- **Data records**
###

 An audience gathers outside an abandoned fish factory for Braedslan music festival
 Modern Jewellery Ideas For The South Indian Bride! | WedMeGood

###

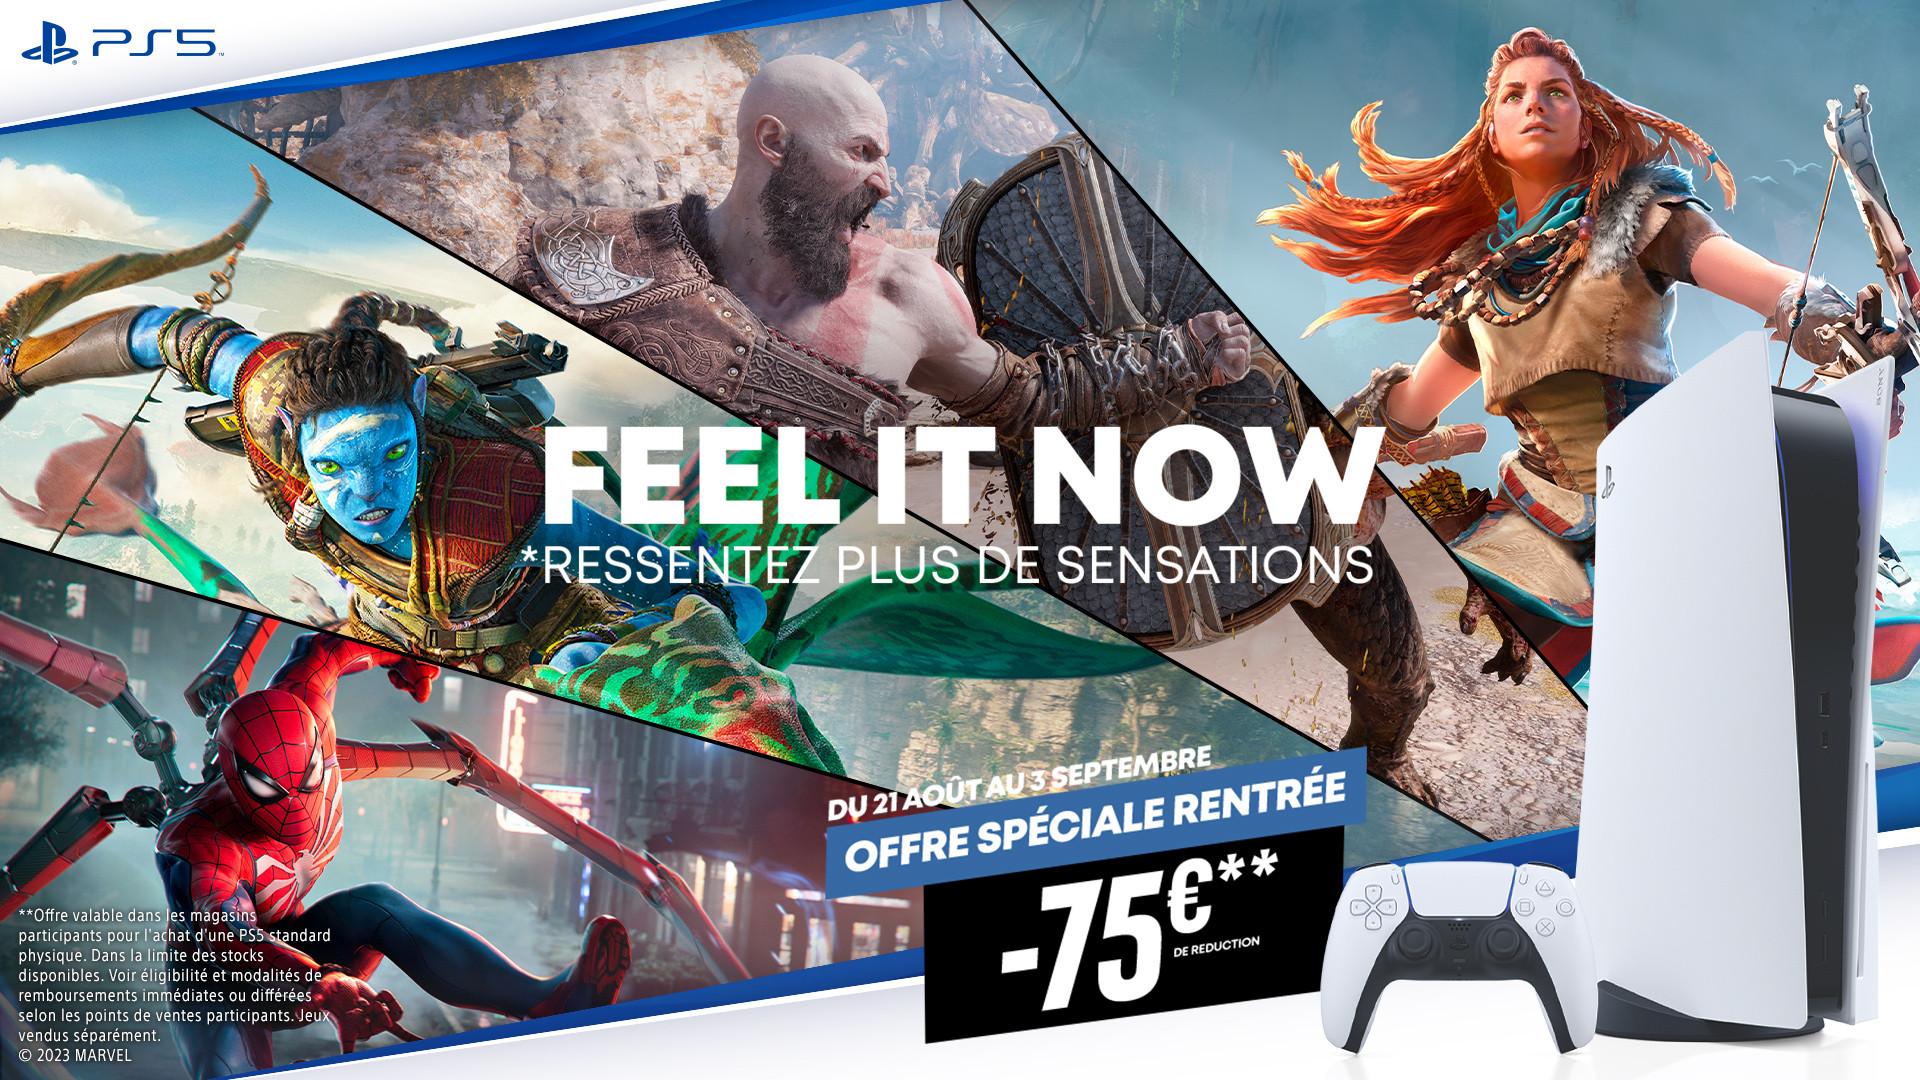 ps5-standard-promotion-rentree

###

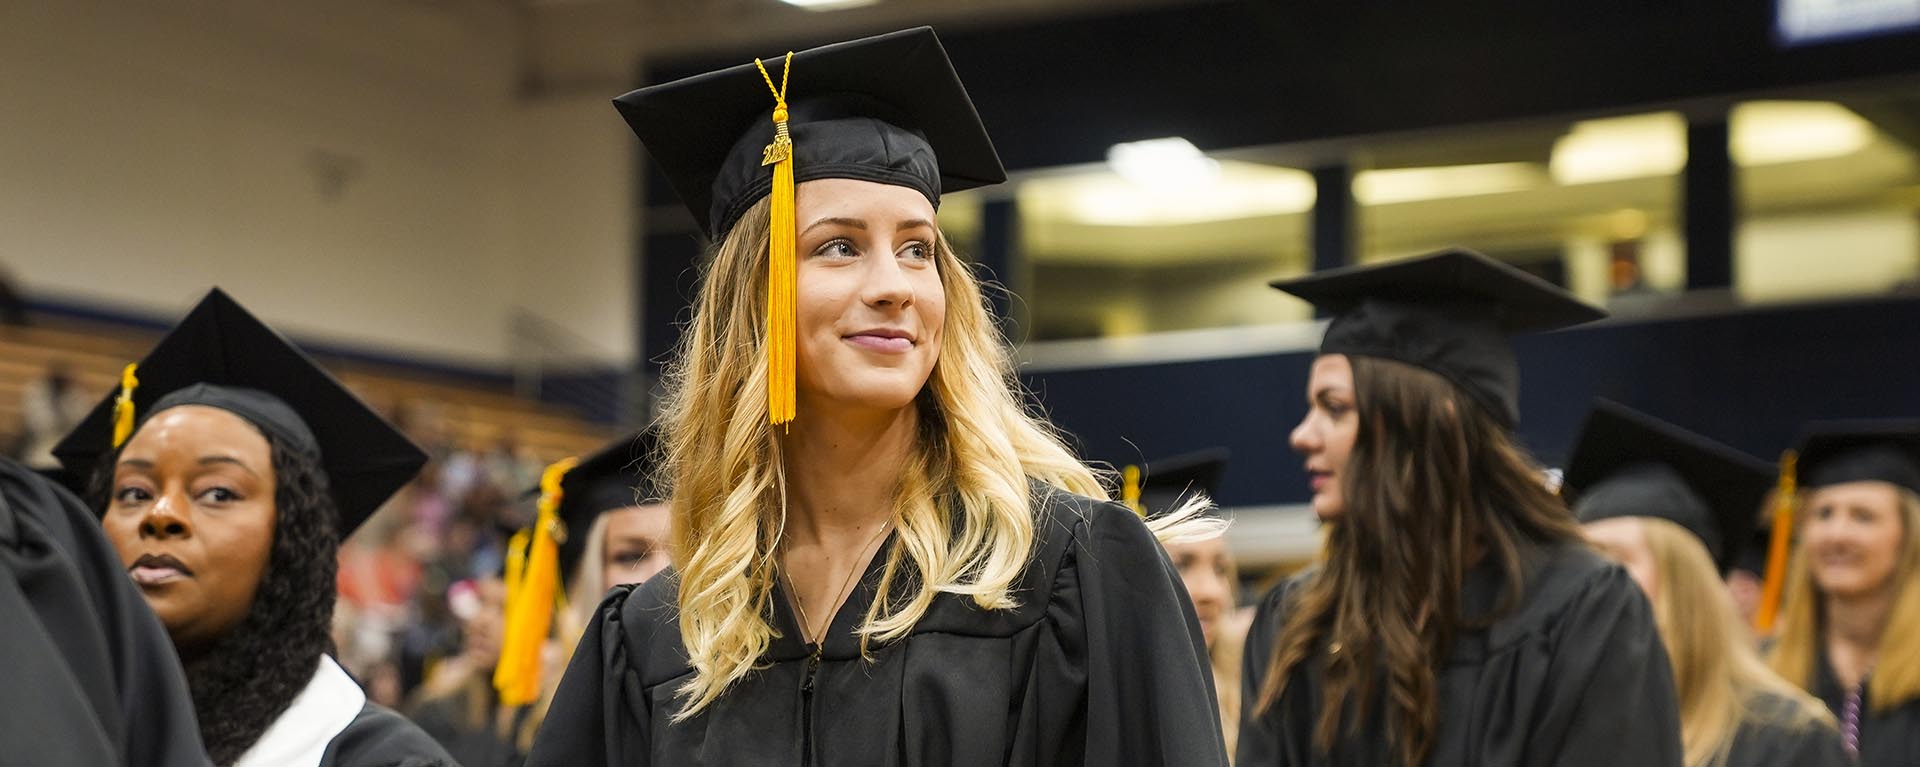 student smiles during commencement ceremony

###

- **Work to complete**
Everything from the line with "An audience gathers" through the line with "Modern Jewellery Ideas" in the listing above must be retyped exactly, with nothing added.

- **Result of this task**
 An audience gathers outside an abandoned fish factory for Braedslan music festival
 Modern Jewellery Ideas For The South Indian Bride! | WedMeGood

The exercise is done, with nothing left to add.